И тут до нее дошло: судя по тому, как разворачивалась эта рукописная запись, вспыхивая тут и там, она не была остаточным изображением. У этих цепочек строк не существовало предшествующих образов, увиденных где-то во внешнем мире или в мире текущего дня. Эти буквы были не из тех, что возвратились к ней как нечто пропущенное ею при дневном летнем свете. А главное, тут отсутствовал характерный признак остаточного изображения с его перевернутой светотенью: то, что в предшествующем увиденном образе было светлым, обычно превращалось в темное, тогда как темное – высветлялось. Эта же запись не имела ничего общего с текстом, пропечатавшимся на копирке, или с негативом, темные буквы тянулись темной вязью по светлому фону. И кроме того, и это важнее всего: они не были уже написанными, скорее они писались прямо сейчас, в настоящее время, причем без остановки, одним движением, строчка за строчкой, прямо у нее на глазах, нет, за глазами.
Вот только слов она разобрать не могла, ни единого слова, не говоря уже о целой фразе. Прочитать можно было только отдельные буквы из всего растянувшегося начертанного каравана – так она это видела, – иногда, в виде исключения, сразу две. Она открыла глаза, посидела так некоторое время и снова закрыла. Запись исчезла? Стерлась? Улетучилась? Нет, вот она опять замерцала, плотными цепочками букв, из которых по-прежнему можно было разобрать только одну или две. В итоге получилась игра: а что, если покрепче закрыть глаза, может быть, запись станет в целом более ясной? – Не стала. – А что, если подержать глаза подольше открытыми, а потом перехитрить запись, которая, может быть, сделается более читабельной, оттого что глаза вдруг закроются как бы ненароком, исподтишка? – Запись на хитрости не поддавалась. Но продолжала тянуться дальше.
Многое уже повидала на своем молодом веку воровка фруктов, но такое ей довелось увидеть только этой ночью в Курдиманше, первый раз в жизни. Чем не достопамятное событие! Кому случалось до нее, или вместе с ней, в ее времена, наблюдать подобное? Или она действительно была первой и единственной и, стало быть, действительно, нет, буквально, «bel et bien», той самой «избранной», «избранной из всех женщин», о которой иногда толковал ее старый отец, по временам терявший с возрастом ясность ума и все пытавшийся внушить ей, что она особенная, но добившийся тем самым того, что она думала о себя прямо противоположное? – От этого она снова рассмеялась своим особенным смехом.
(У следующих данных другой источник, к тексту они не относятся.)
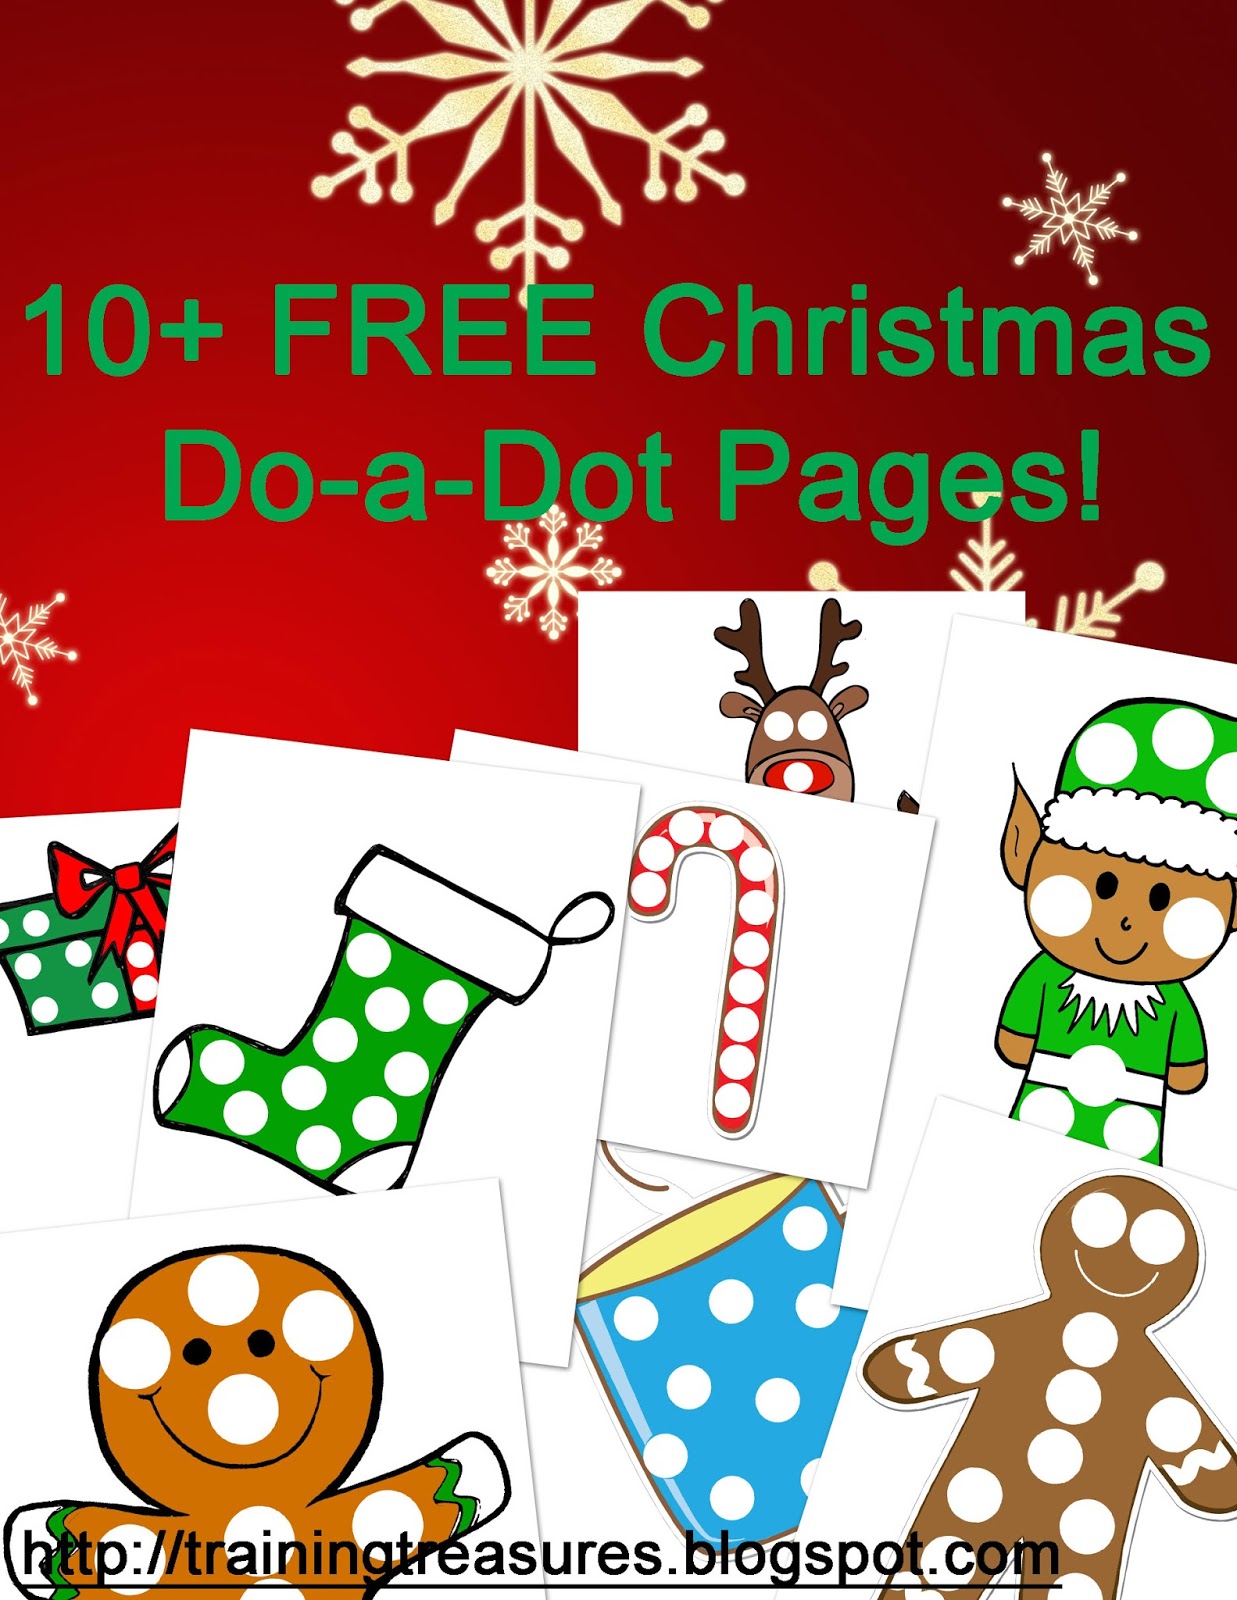 Training Treasures: 10+ FREE Christmas Do-a-Dot Pages!

Удивительно, что она чувствовала себя надежно защищенной этим караваном букв за глазами, остаточным изображением? стенограммой? Самое время теперь вытянуться на чужой кровати, здесь, в дорогих сердцу чужих краях, и хорошенько выспаться. Широко распахнутое окно, без штор. Постепенно прекратилось хлопанье дверей на нижних этажах. Все гости ушли. Тишина в доме покойного, абсолютная. Извне лишь редкие и очень далекие звуки, откуда-то из глубины, из недр раскинувшегося там Нового города. А потом, совсем рядом, сверху, от церкви Курдиманша, короткий зов двух сов, который под конец, вырвавшись одновременно из глоток обеих ночных птиц, слился в один, превратившись из зова в трубный глас.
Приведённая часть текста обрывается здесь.